EXERCISE AIM
Produce an exact copy of the lines below, starting at the first and ending with the line containing "summary of patents for Sagemcom Documents".

[Records from a data collection]
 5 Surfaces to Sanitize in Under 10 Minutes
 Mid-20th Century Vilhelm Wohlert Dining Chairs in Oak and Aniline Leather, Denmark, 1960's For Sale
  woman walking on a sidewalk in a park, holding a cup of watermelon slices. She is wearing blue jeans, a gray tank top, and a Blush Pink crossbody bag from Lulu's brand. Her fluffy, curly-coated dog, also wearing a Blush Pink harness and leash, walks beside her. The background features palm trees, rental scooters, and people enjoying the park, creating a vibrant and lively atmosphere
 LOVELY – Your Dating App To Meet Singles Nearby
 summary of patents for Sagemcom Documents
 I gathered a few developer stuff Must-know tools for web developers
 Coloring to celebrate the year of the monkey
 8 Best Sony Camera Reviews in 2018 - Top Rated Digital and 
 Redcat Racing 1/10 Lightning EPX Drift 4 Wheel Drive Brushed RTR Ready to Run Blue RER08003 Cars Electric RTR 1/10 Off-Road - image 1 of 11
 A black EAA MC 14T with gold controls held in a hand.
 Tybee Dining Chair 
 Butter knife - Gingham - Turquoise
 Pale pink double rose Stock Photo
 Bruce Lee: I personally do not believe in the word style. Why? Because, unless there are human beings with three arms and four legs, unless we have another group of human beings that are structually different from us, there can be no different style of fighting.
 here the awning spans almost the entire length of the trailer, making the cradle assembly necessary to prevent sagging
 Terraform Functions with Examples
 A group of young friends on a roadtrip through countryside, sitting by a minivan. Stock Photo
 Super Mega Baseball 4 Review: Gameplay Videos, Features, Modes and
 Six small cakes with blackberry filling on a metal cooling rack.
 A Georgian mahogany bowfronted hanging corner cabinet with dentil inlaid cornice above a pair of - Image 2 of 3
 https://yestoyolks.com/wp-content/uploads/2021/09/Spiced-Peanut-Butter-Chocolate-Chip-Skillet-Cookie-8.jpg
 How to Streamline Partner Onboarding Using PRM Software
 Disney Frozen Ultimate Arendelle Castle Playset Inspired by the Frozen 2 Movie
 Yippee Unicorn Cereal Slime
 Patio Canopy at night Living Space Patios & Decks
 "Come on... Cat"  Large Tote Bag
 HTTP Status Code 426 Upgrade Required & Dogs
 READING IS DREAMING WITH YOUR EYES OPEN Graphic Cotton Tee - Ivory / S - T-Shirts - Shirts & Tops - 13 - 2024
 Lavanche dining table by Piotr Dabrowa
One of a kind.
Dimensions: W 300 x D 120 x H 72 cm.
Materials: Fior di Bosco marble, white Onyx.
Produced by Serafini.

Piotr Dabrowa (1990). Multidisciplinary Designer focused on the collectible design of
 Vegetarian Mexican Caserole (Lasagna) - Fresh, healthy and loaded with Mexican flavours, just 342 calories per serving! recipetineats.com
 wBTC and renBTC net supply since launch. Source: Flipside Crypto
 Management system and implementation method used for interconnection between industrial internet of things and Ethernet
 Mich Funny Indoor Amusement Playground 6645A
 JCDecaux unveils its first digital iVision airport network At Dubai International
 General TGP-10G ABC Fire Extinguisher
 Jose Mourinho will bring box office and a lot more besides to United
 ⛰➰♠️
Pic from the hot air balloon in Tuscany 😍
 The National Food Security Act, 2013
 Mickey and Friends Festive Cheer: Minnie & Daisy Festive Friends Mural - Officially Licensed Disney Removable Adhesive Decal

SOLUTION TO THE PROBLEM
 5 Surfaces to Sanitize in Under 10 Minutes
 Mid-20th Century Vilhelm Wohlert Dining Chairs in Oak and Aniline Leather, Denmark, 1960's For Sale
  woman walking on a sidewalk in a park, holding a cup of watermelon slices. She is wearing blue jeans, a gray tank top, and a Blush Pink crossbody bag from Lulu's brand. Her fluffy, curly-coated dog, also wearing a Blush Pink harness and leash, walks beside her. The background features palm trees, rental scooters, and people enjoying the park, creating a vibrant and lively atmosphere
 LOVELY – Your Dating App To Meet Singles Nearby
 summary of patents for Sagemcom Documents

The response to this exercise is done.